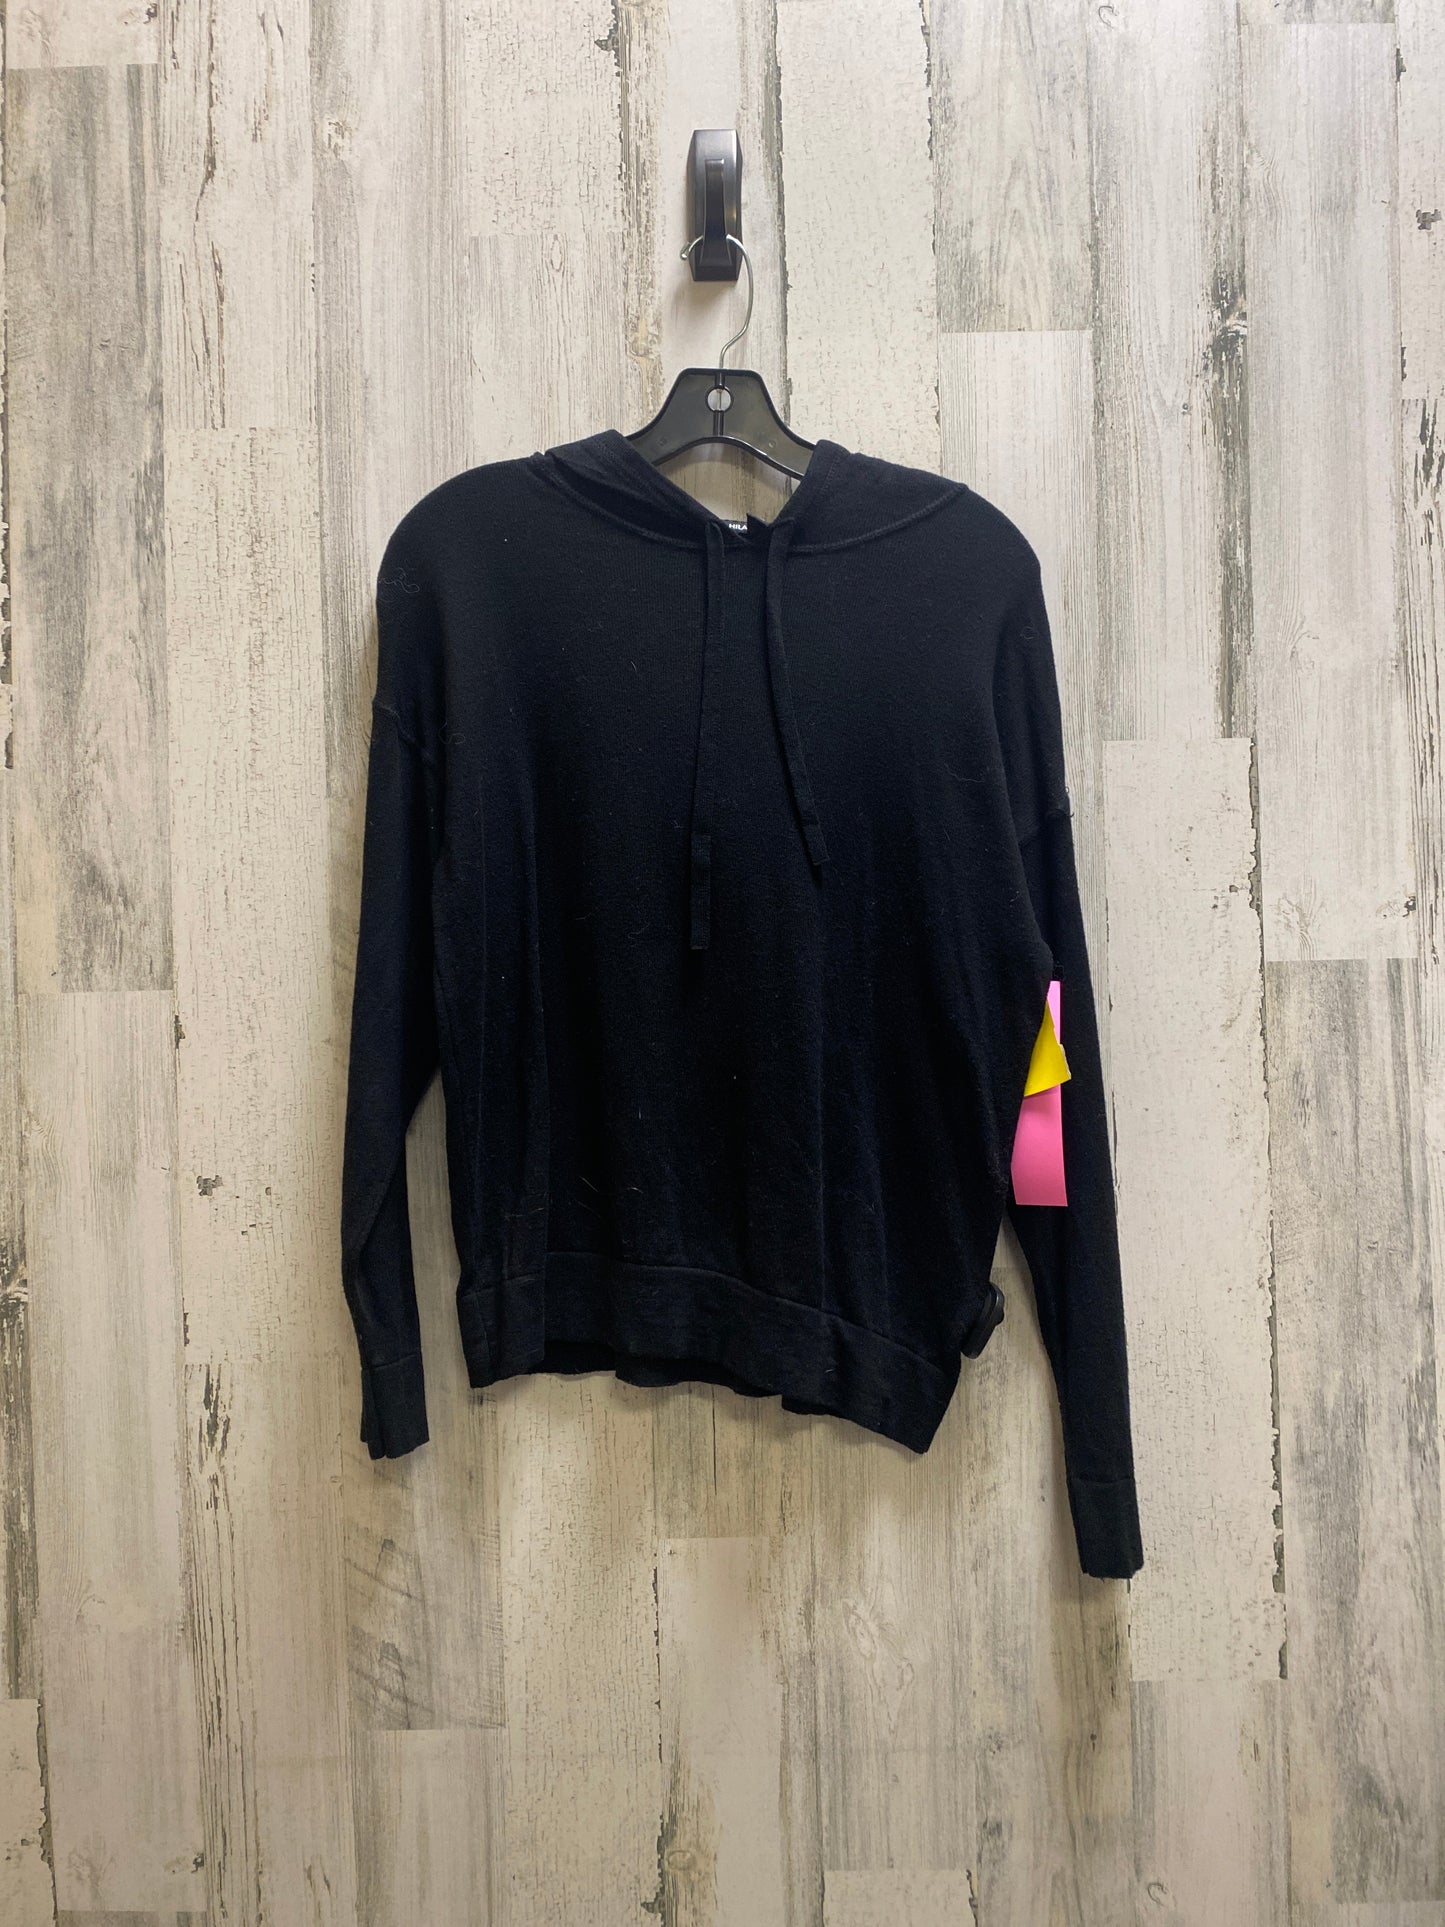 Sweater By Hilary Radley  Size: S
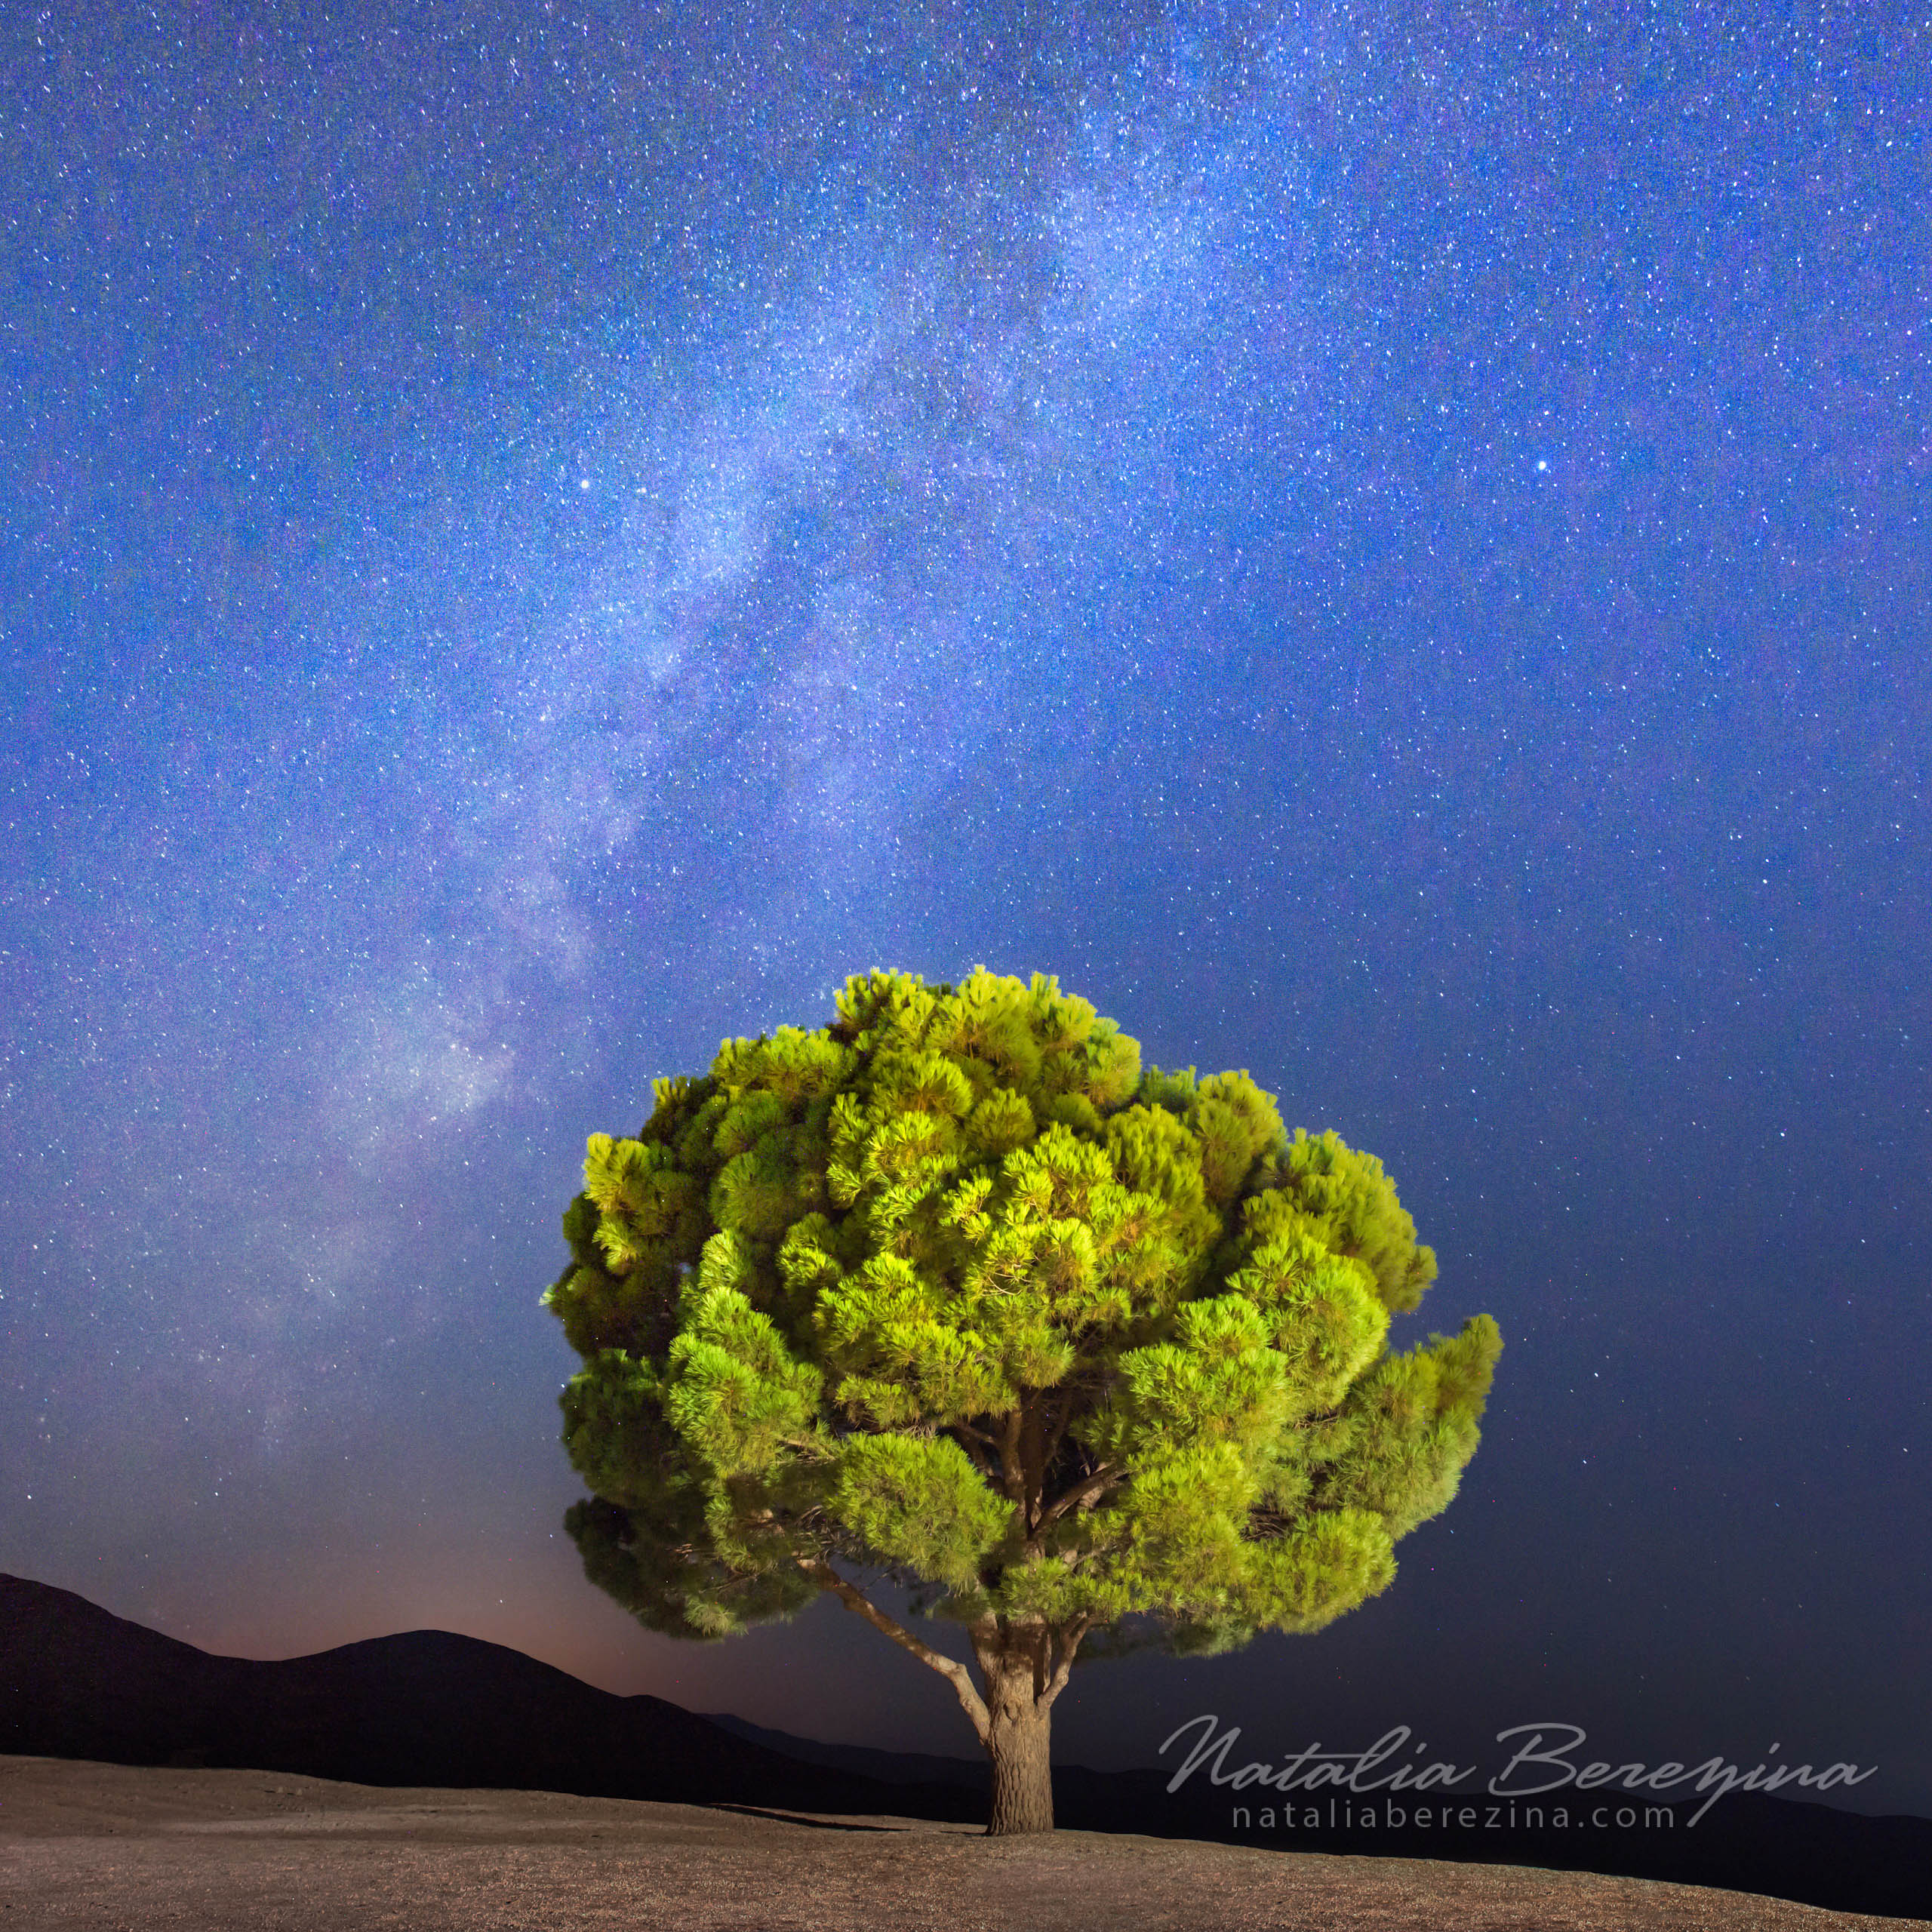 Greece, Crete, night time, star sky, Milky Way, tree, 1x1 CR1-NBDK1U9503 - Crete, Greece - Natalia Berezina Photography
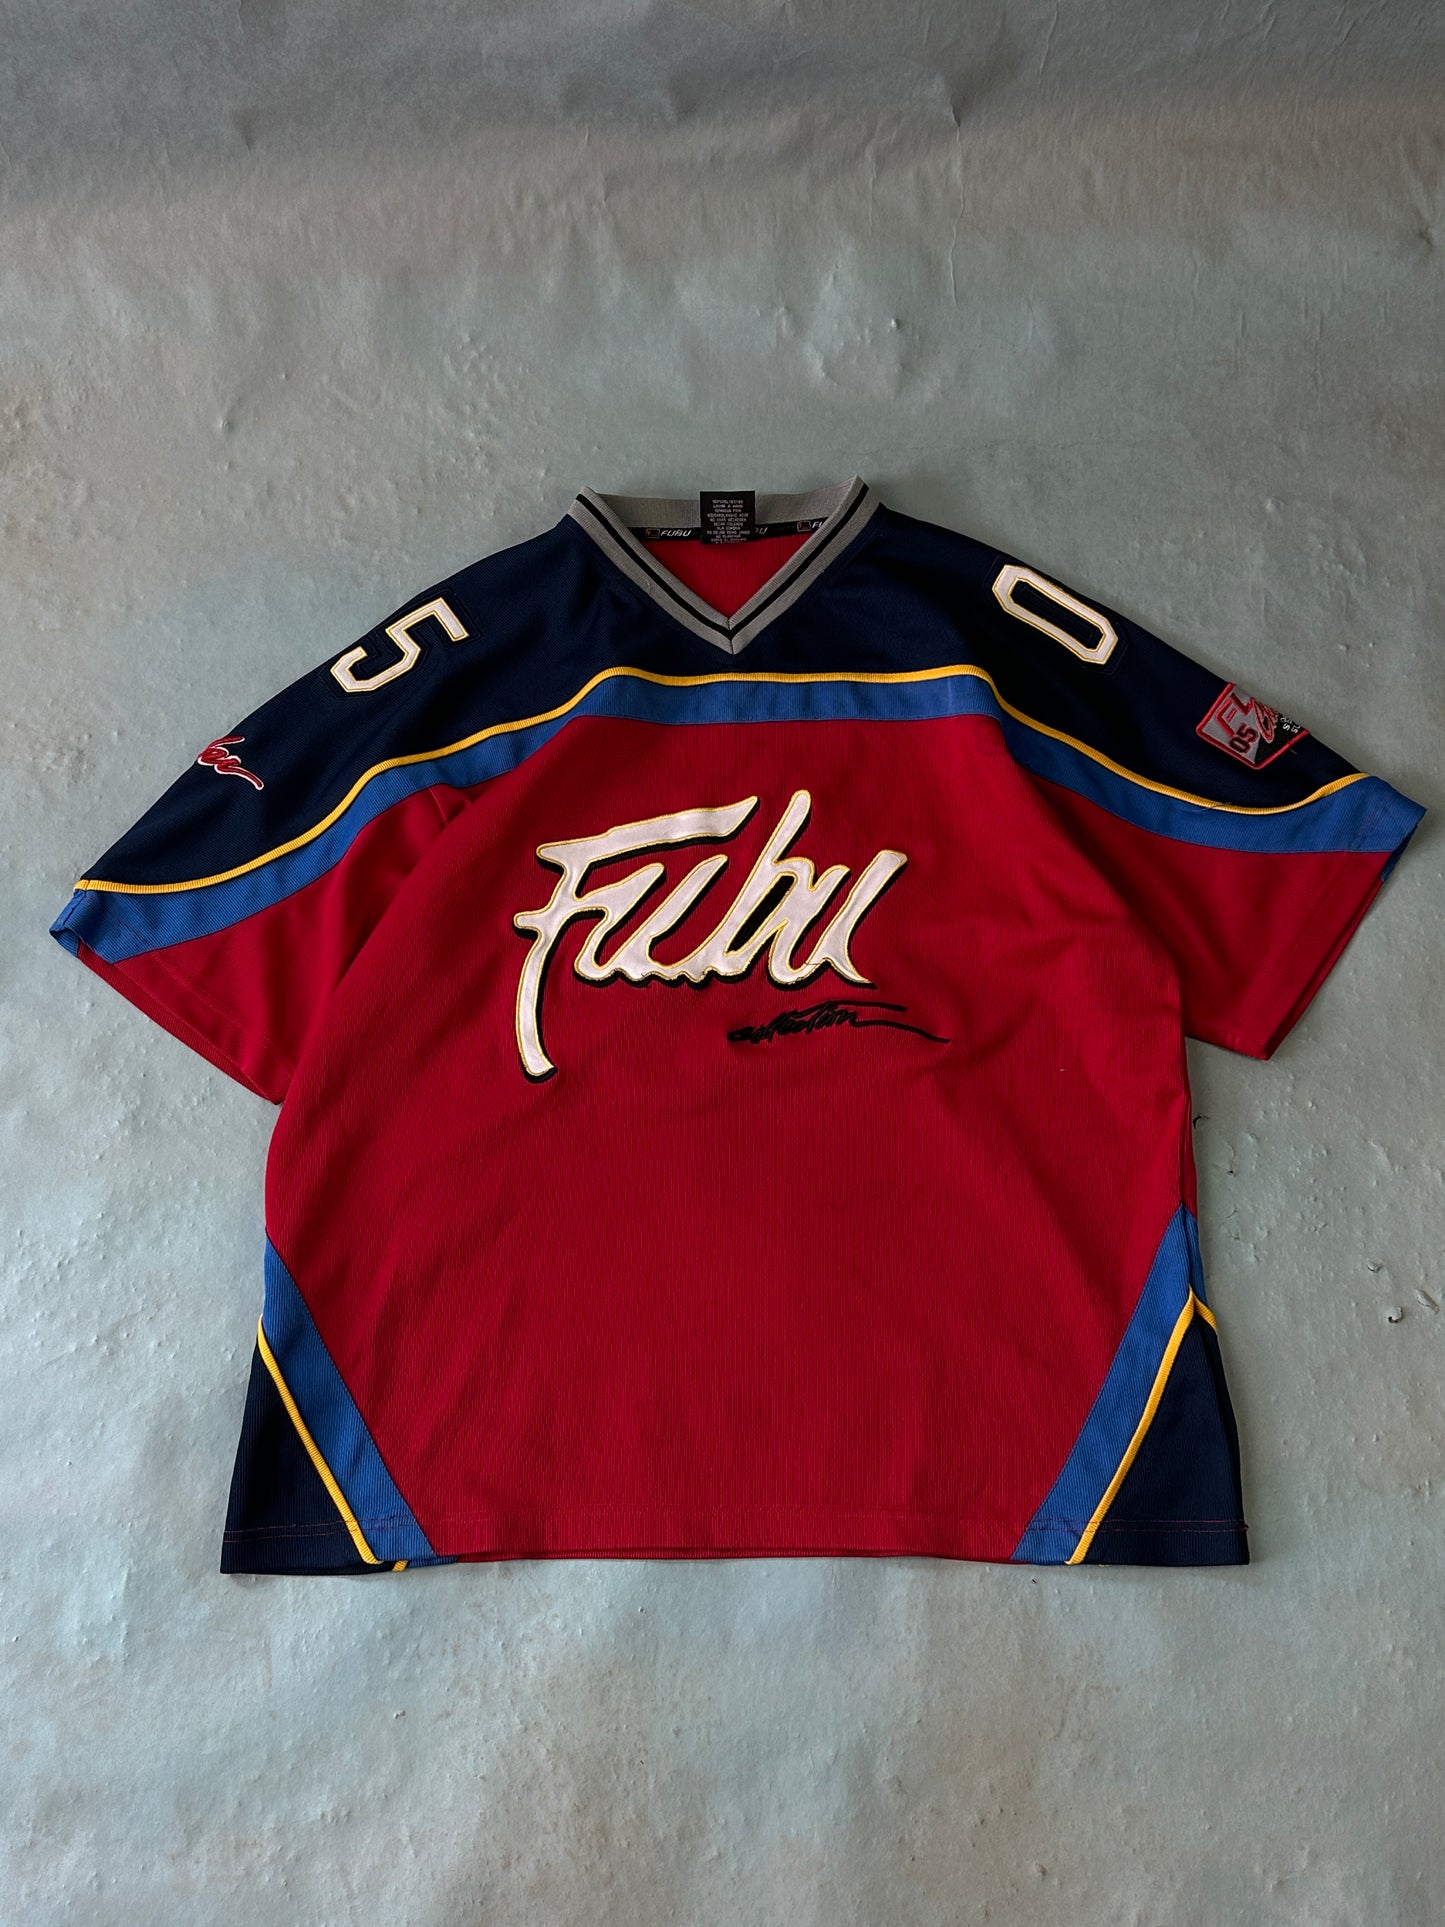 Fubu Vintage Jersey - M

+ + + +

__Task statement__
Could you give the material again exactly as it stands, omitting any image?

__Solved exercise__
 Sweater By Hilary Radley  Size: S
 Greece, Crete, night time, star sky, Milky Way, tree, 1x1 CR1-NBDK1U9503 - Crete, Greece - Natalia Berezina Photography
 Fubu Vintage Jersey - M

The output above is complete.